Directly committing to main is like performing surgery on a live patient without knowing if your new technique will work. It's reckless and unprofessional.

Creating a Parallel Universe: Branching

So how do we do work? We create a branch.

A branch is a separate, isolated, parallel timeline. It's a "What If...?" universe where you can safely work on a new feature or experiment with an idea.
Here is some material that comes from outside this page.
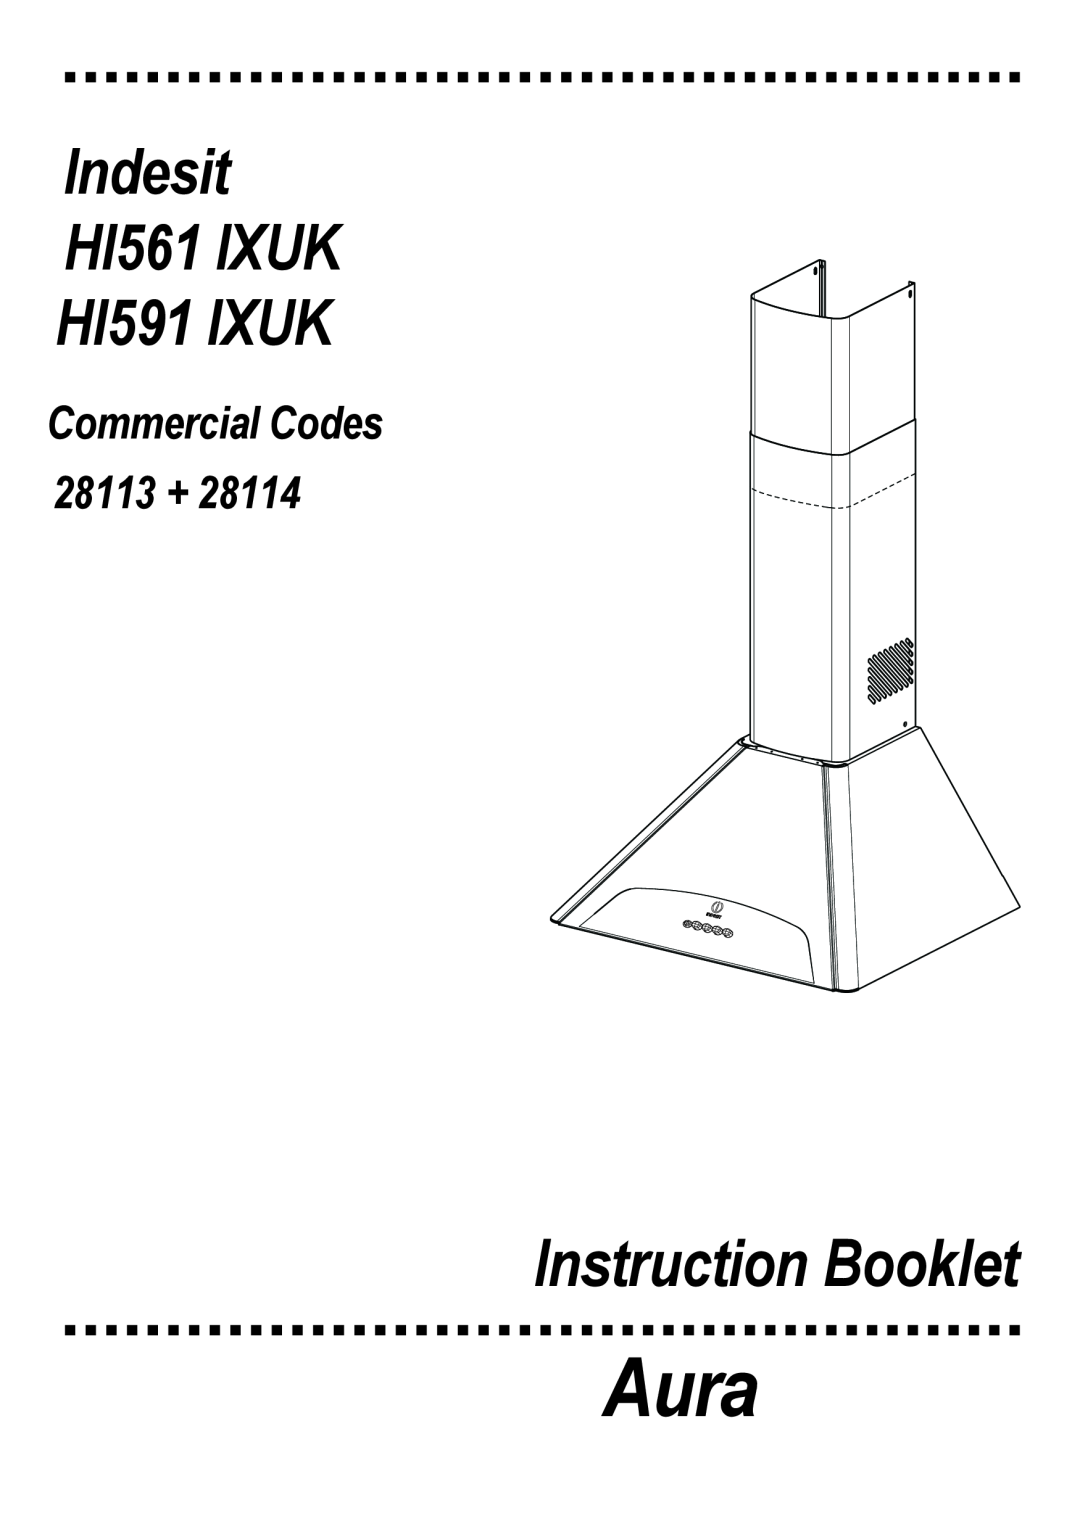 Indesit manual Aura, Instruction Booklet, Indesit HI561 IXUK HI591 IXUK, Commercial Codes 28113 + 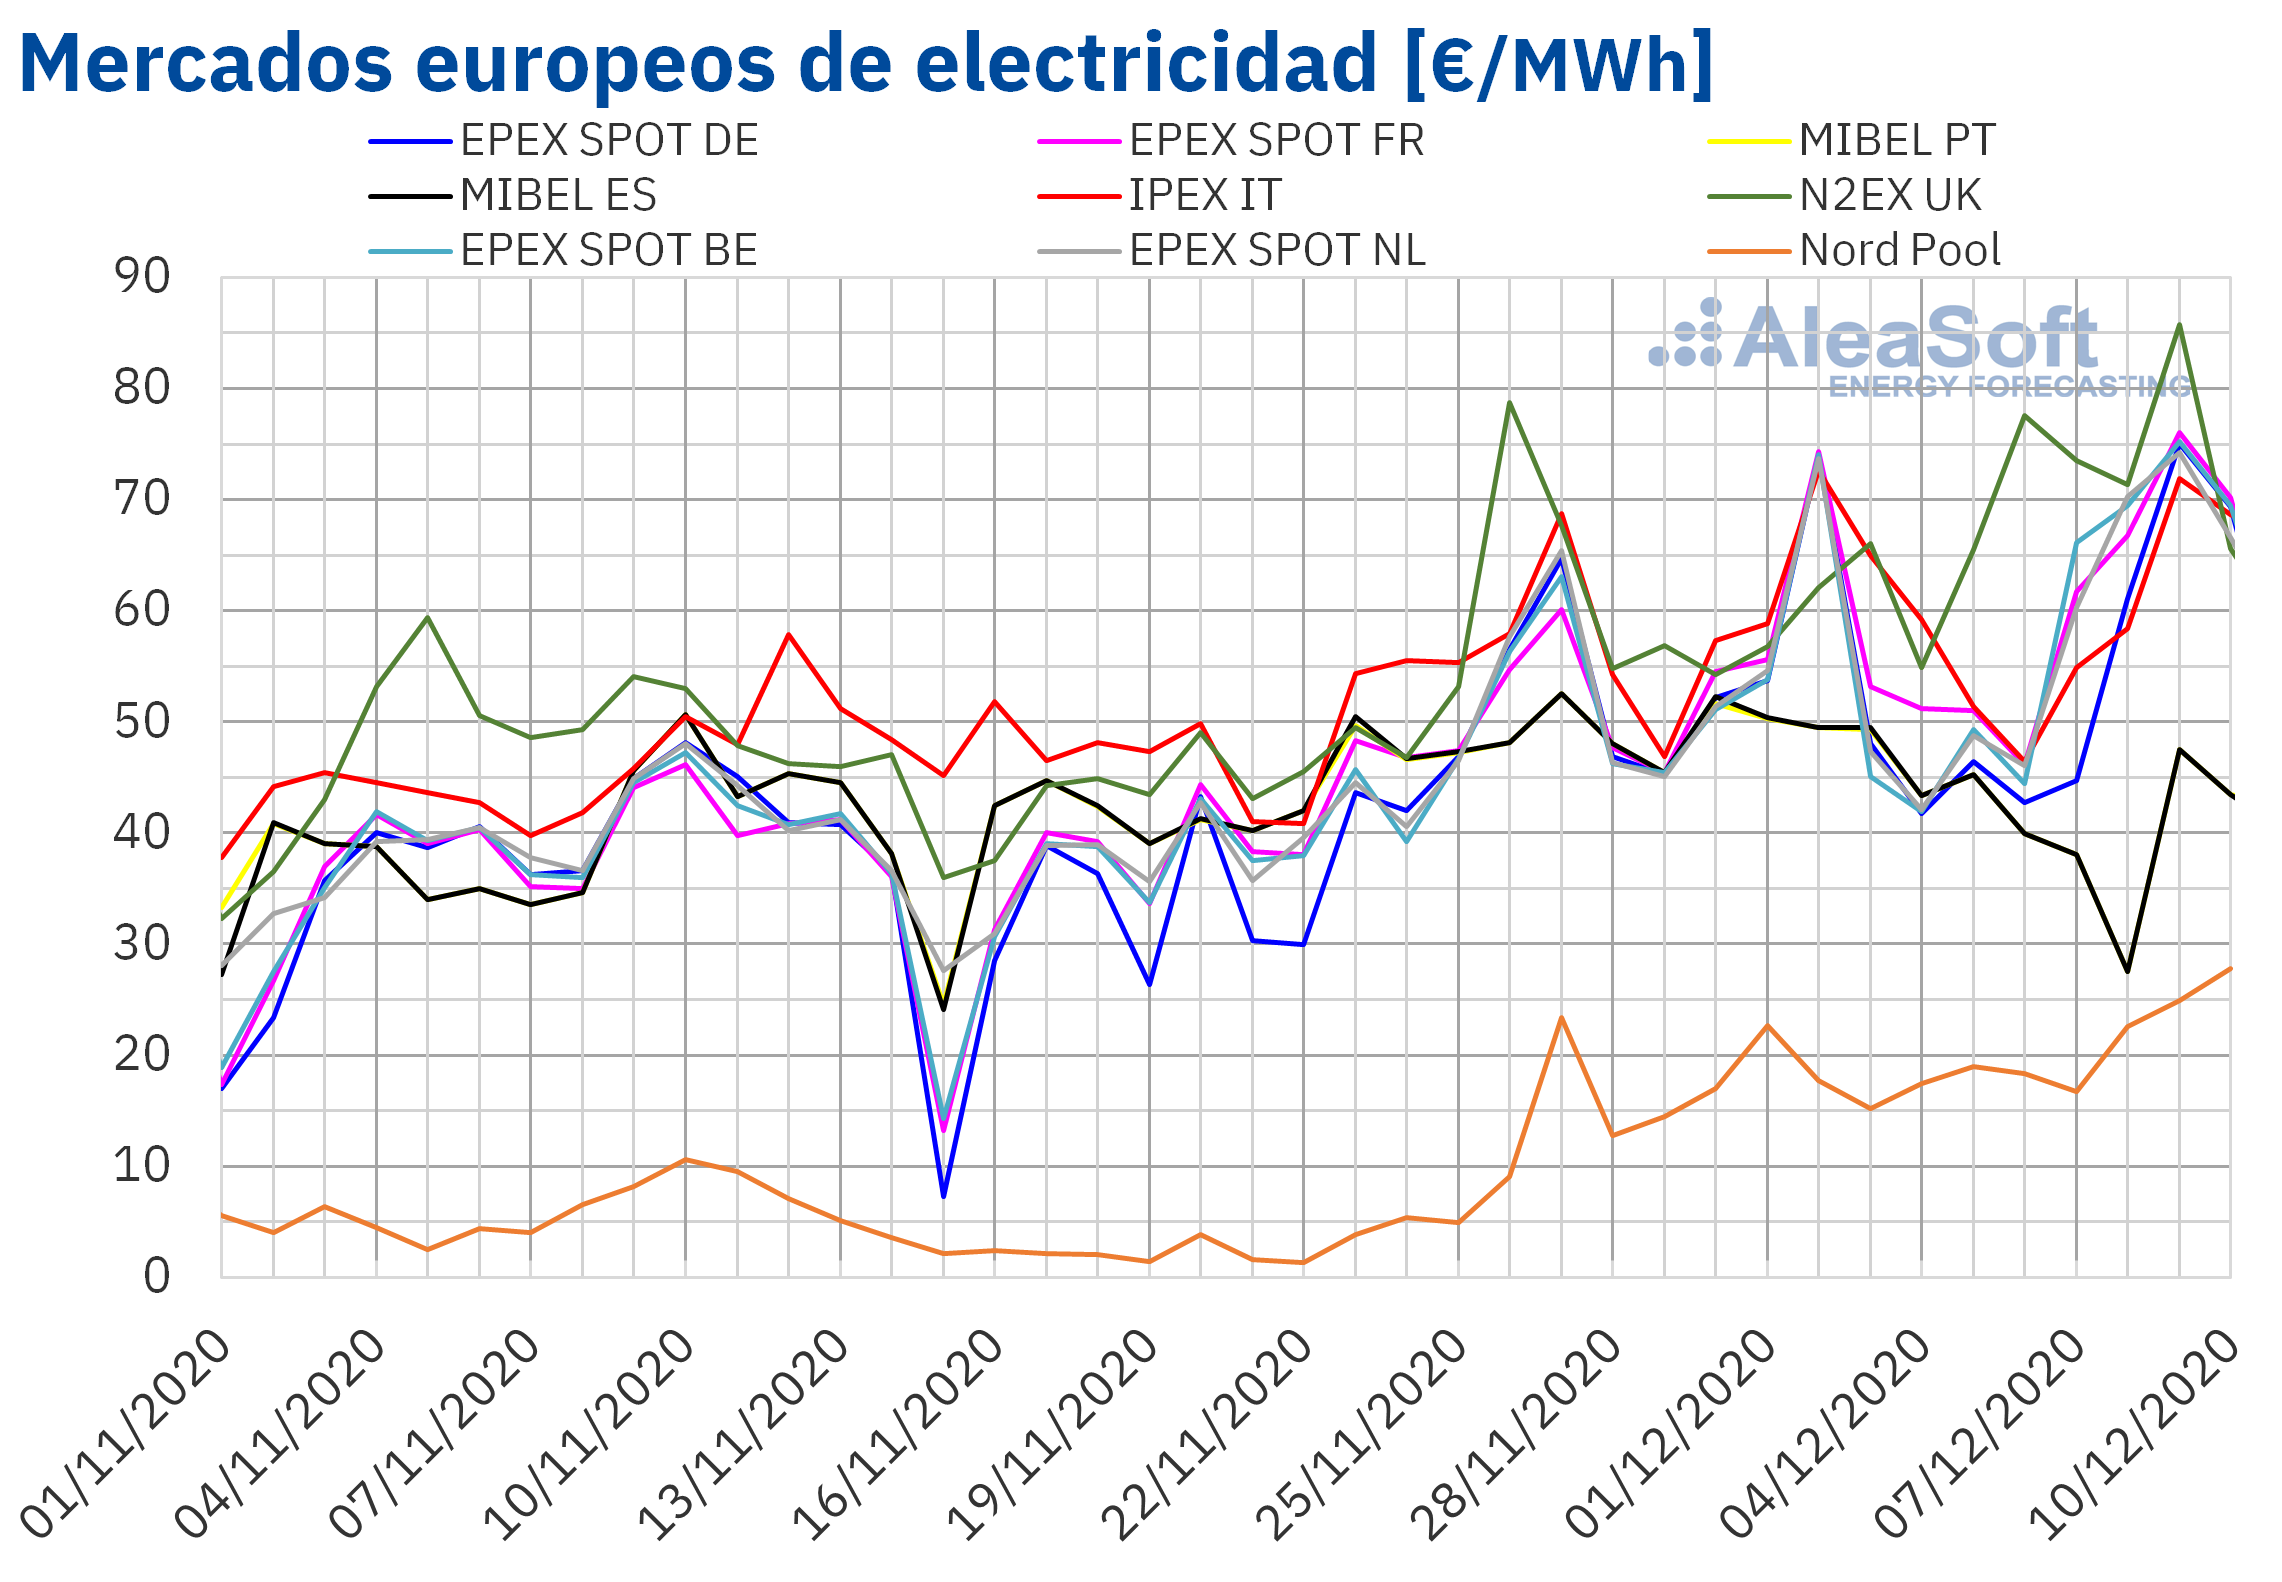 AleaSoft - Precios de mercados europeos de electricidad

  • When you create a branch, you are creating a lightweight, movable pointer that starts at the exact commit you're currently on.
  • As you make new commits on this branch, your new timeline moves forward, completely independent of the main timeline.
  • It is incredibly fast and cheap to create branches in Git. Professional developers create branches for everything, even a one-line bug fix.

Commands:

  • git branch <branch-name>: This creates a new branch pointer but does not switch you to it. (Like drawing a door to a new universe but not walking through it).
  • git checkout <branch-name>: This switches your HEAD pointer and your working directory to the specified branch. (Like walking through the door).

The Portal Gun: git checkout -b

You will almost never use git branch and git checkout separately. There is a far more convenient command that does both at once.

            
              git checkout -b <branch-name>
            
          
  • -b: This flag stands for "branch." It tells the checkout command, "I want you to create a new branch with this name, and then immediately switch me to it."
  • This is your "portal gun." It creates a new parallel universe and teleports you into it in one smooth action.

Let's see it in action:

            
            # We are on the main timeline
            $ git status
            On branch main

            # Let's create a new feature branch 
            # to add a user login system
            $ git checkout -b feat/user-login
            Switched to a new branch 'feat/user-login'

            # The portal gun worked!
            $ git status
            On branch feat/user-login
            
          

Now, if you create a file called login.js, add it, and commit it, that commit will exist only in the feat/user-login timeline. If you were to git checkout main, login.js would instantly disappear from your file system, because it does not exist in the main timeline's history. This is the magic of branches in action.

Fusing Timelines: Merging

The Happy Path: Fast-Forward Merge

Your new feature is complete and tested on its branch. It's time to bring that work into the "Sacred Timeline" (main). This process is called merging.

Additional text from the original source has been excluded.